### TASK BRIEF
Print the lines below from the line with "USB Bluetooth CSR V4.0 dongle" to the line with "build your empire university" exactly, keeping both ends, and print no pictures.

### RECORDS PROVIDED
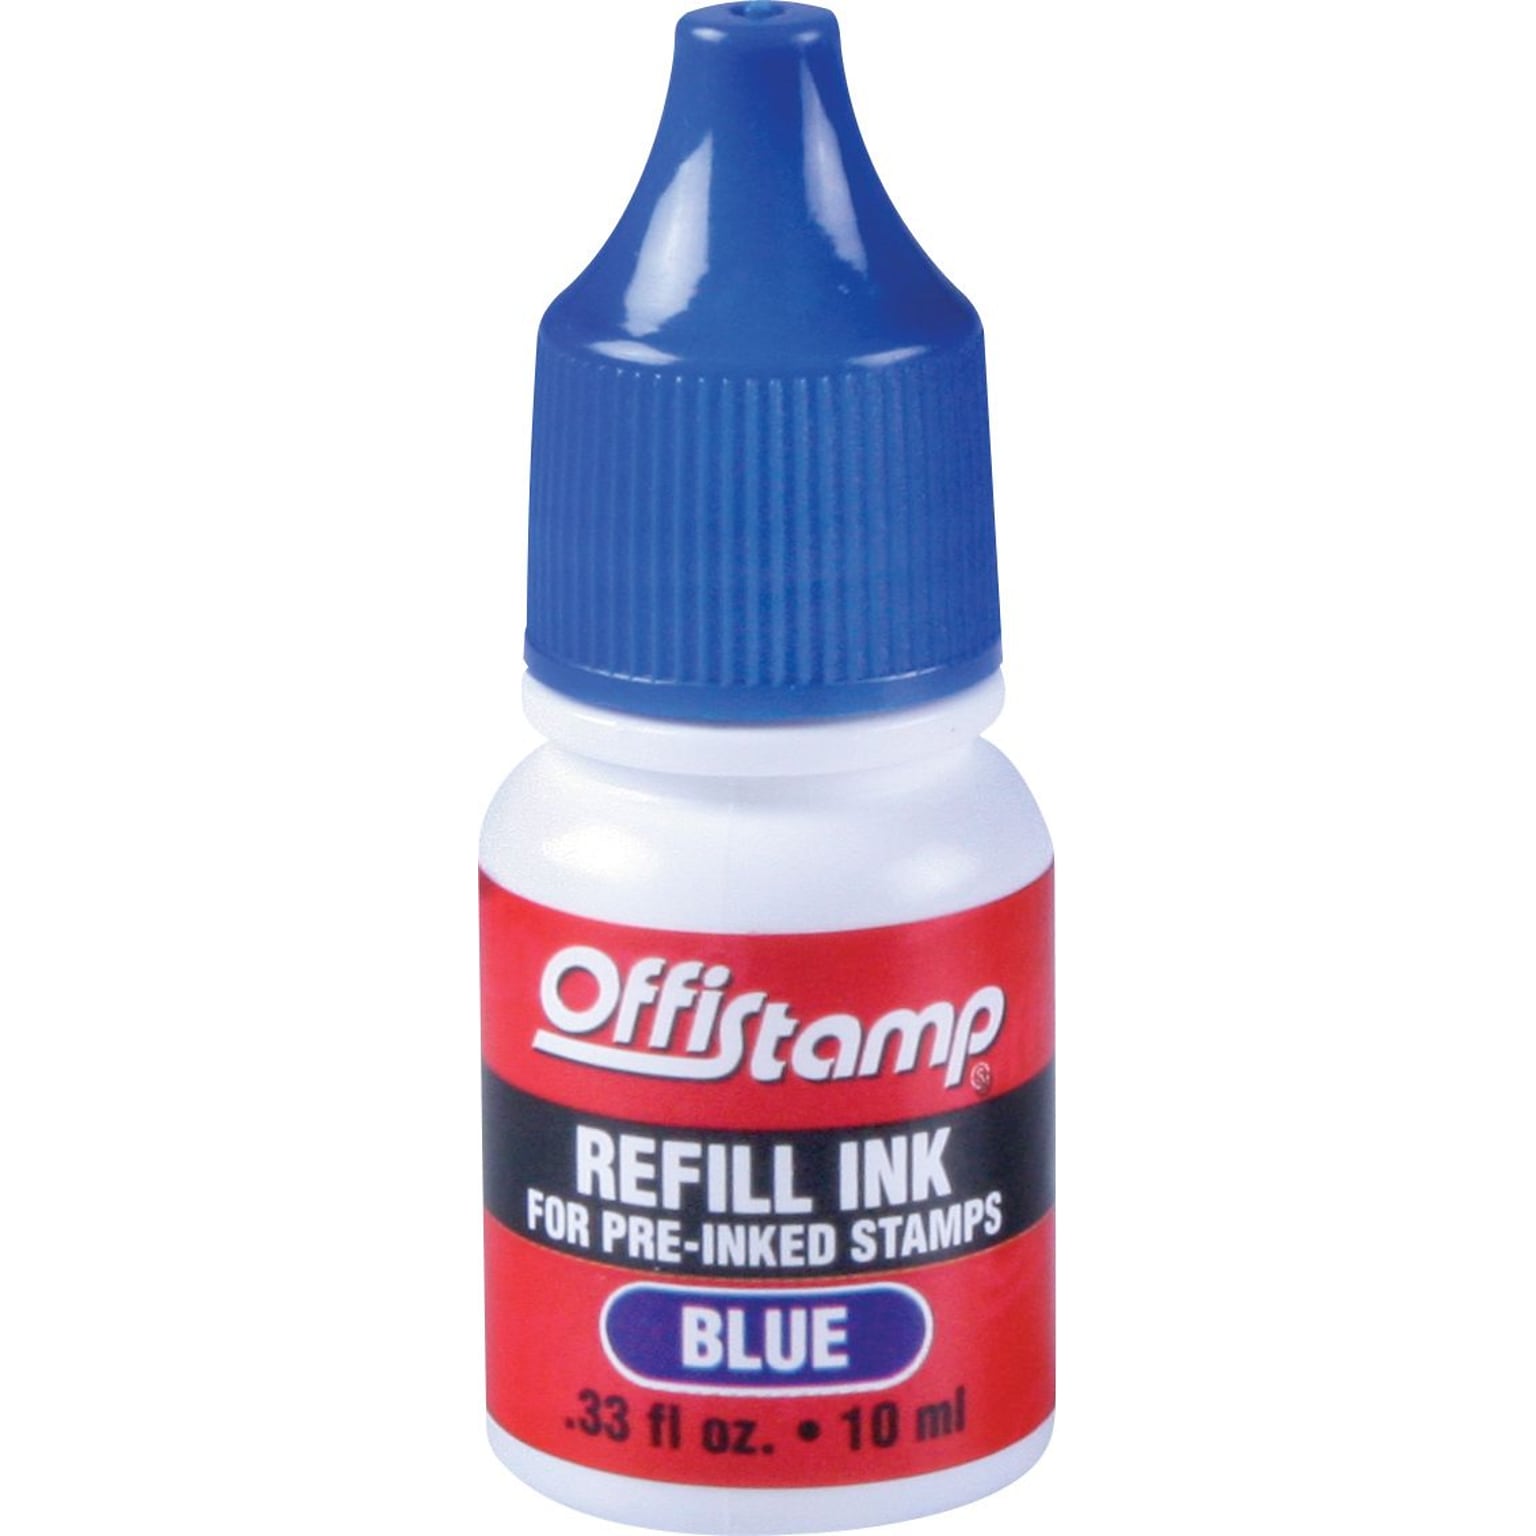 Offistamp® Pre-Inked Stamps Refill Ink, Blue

---

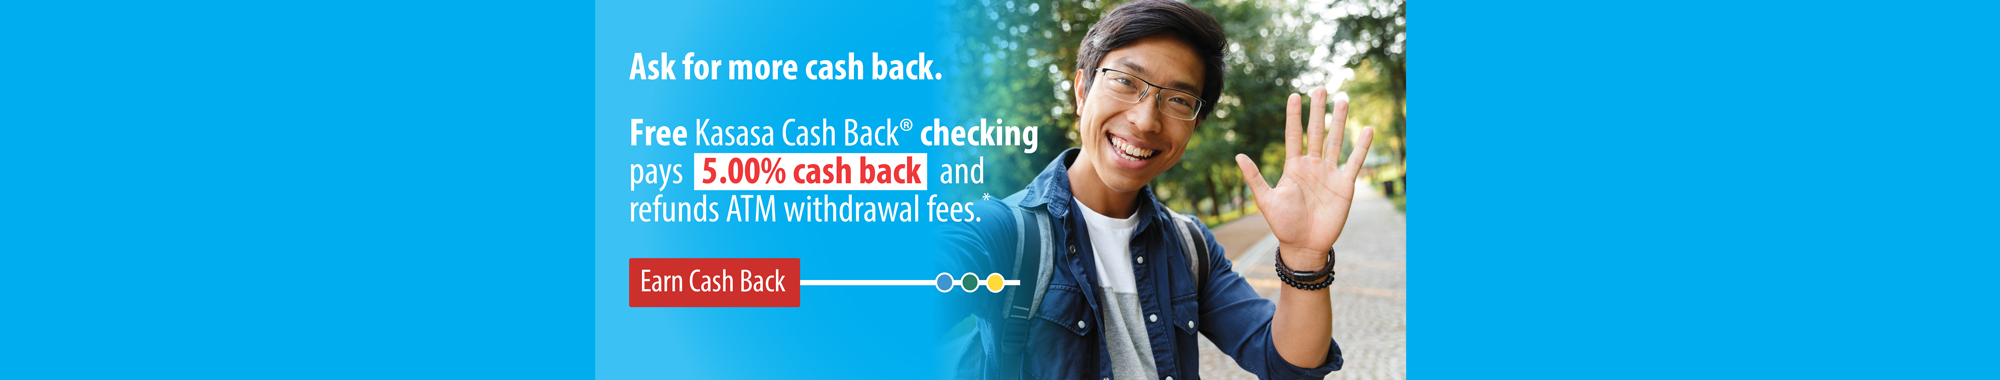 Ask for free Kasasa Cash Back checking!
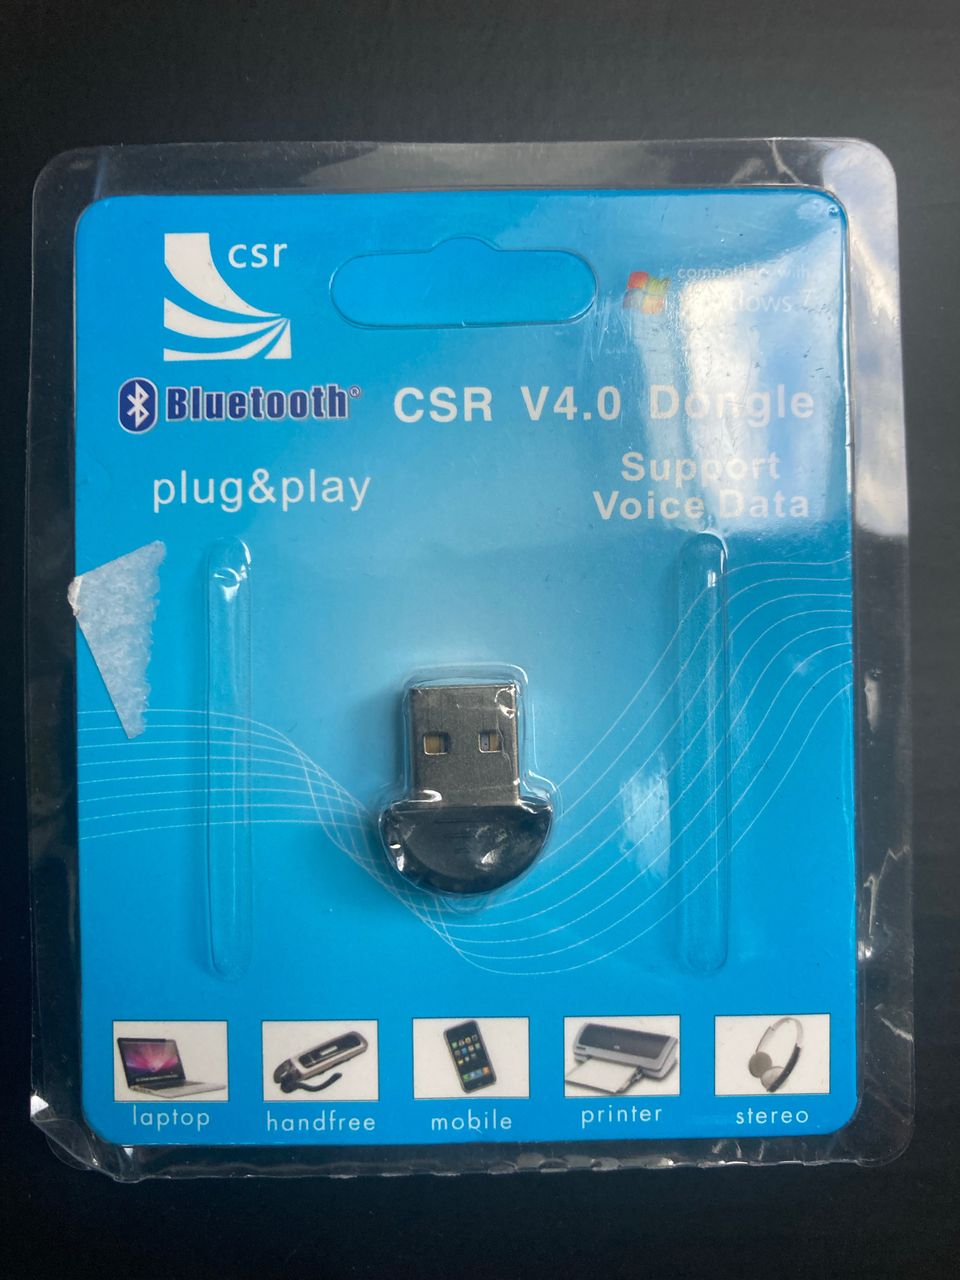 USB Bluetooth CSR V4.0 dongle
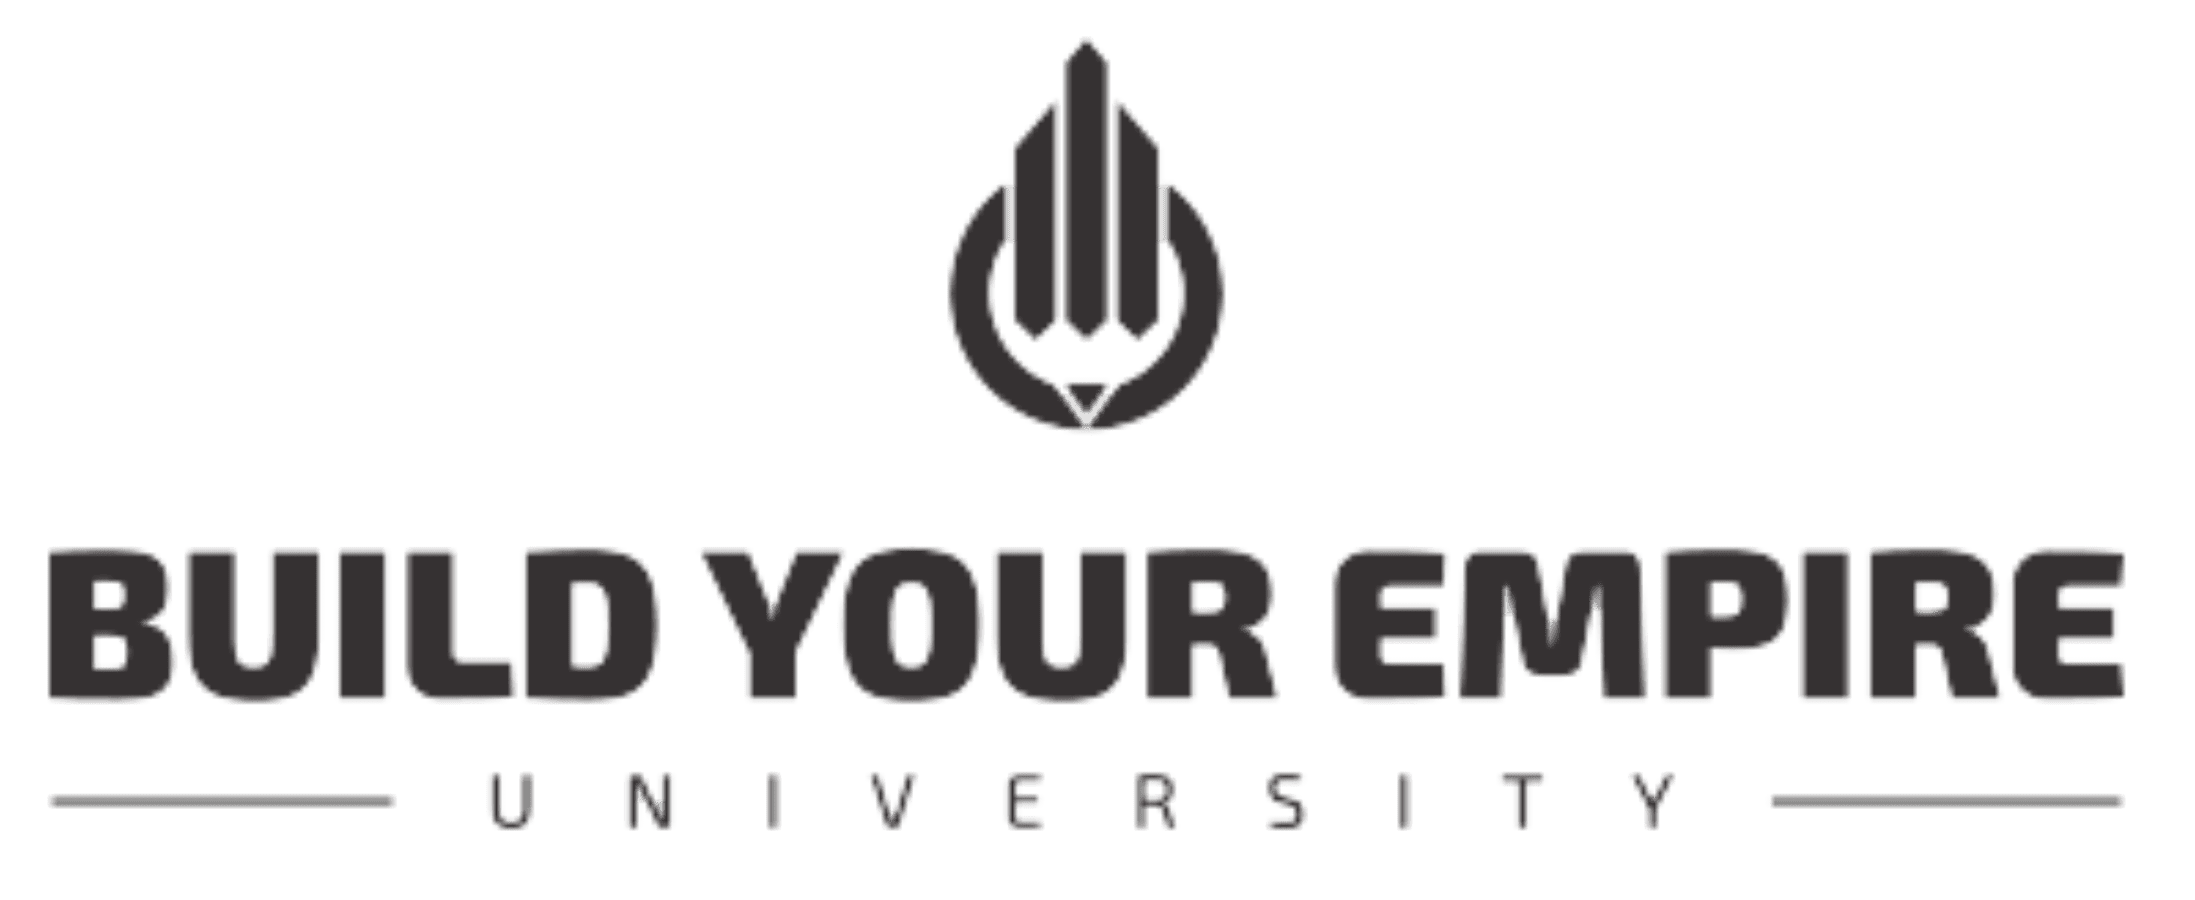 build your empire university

* * *

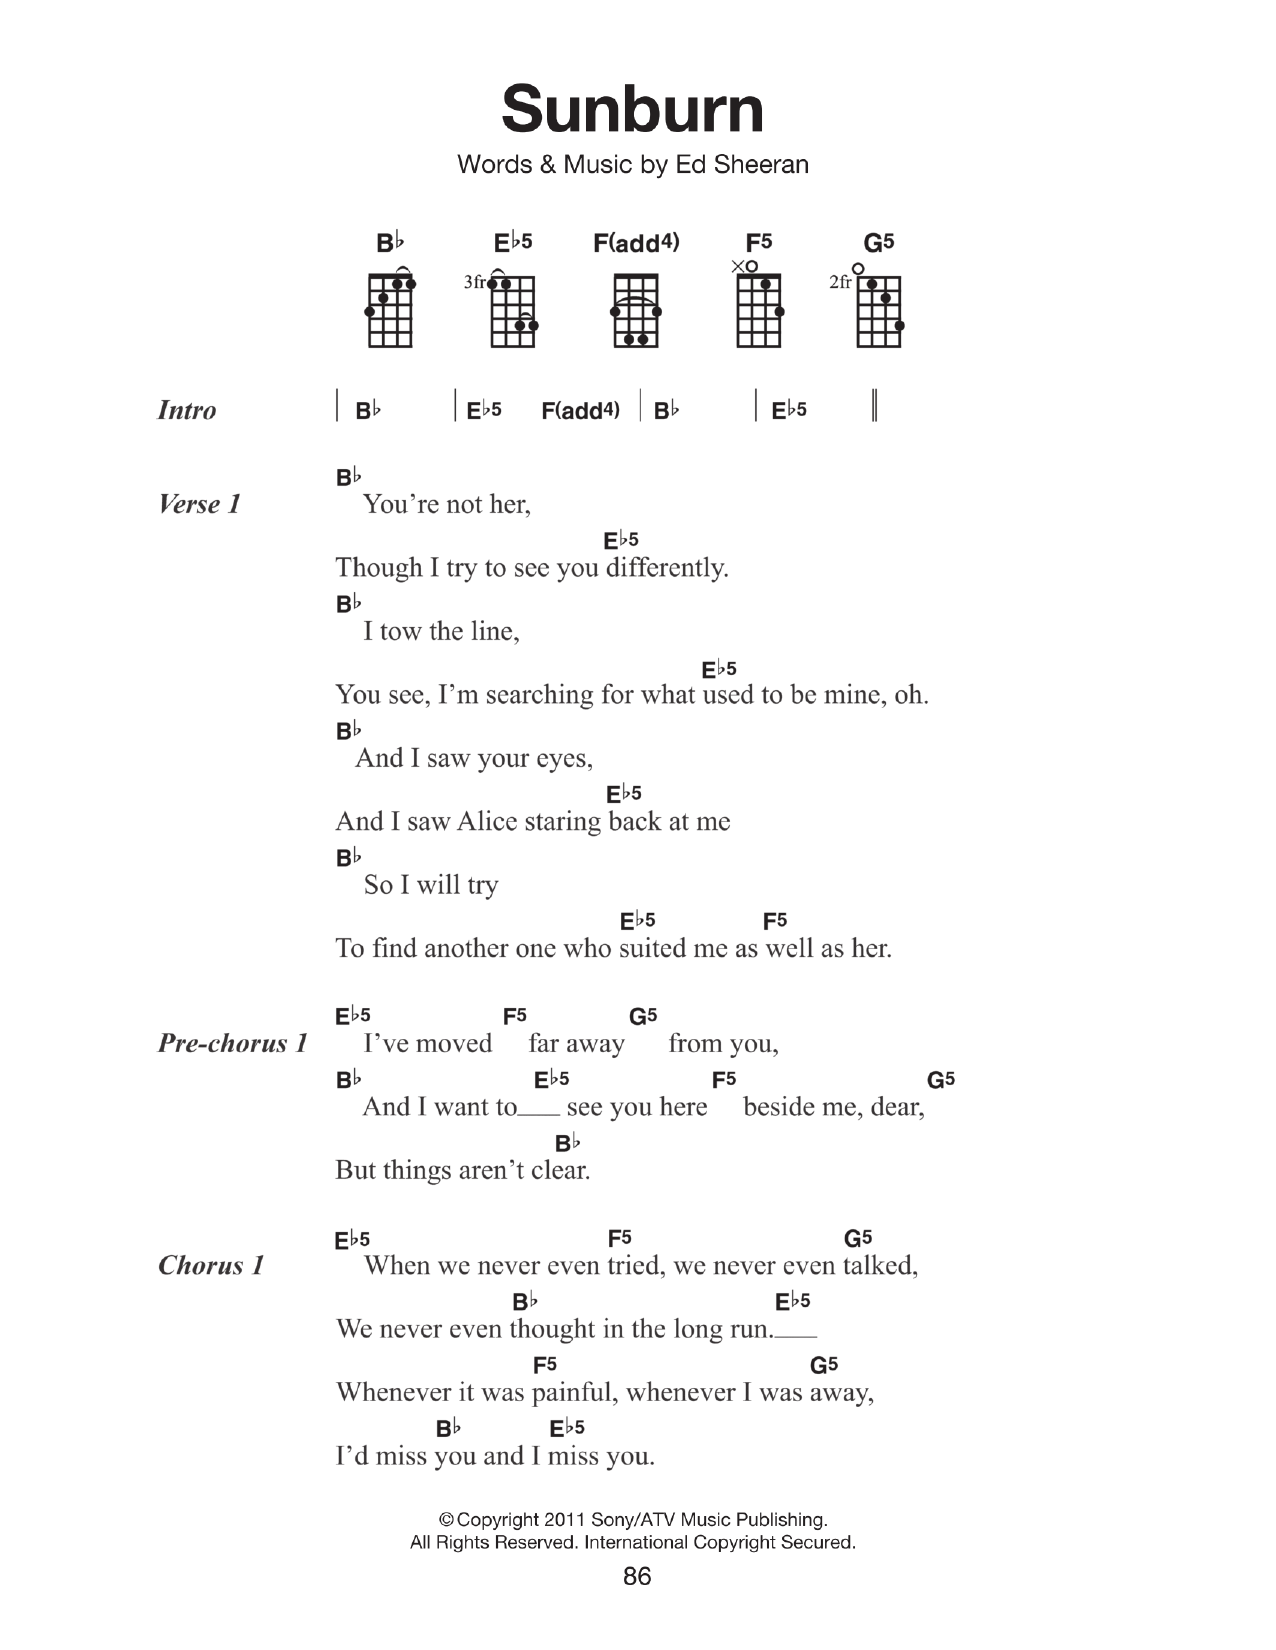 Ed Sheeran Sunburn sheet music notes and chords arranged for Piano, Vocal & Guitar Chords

### TASK RESULT
 USB Bluetooth CSR V4.0 dongle
 build your empire university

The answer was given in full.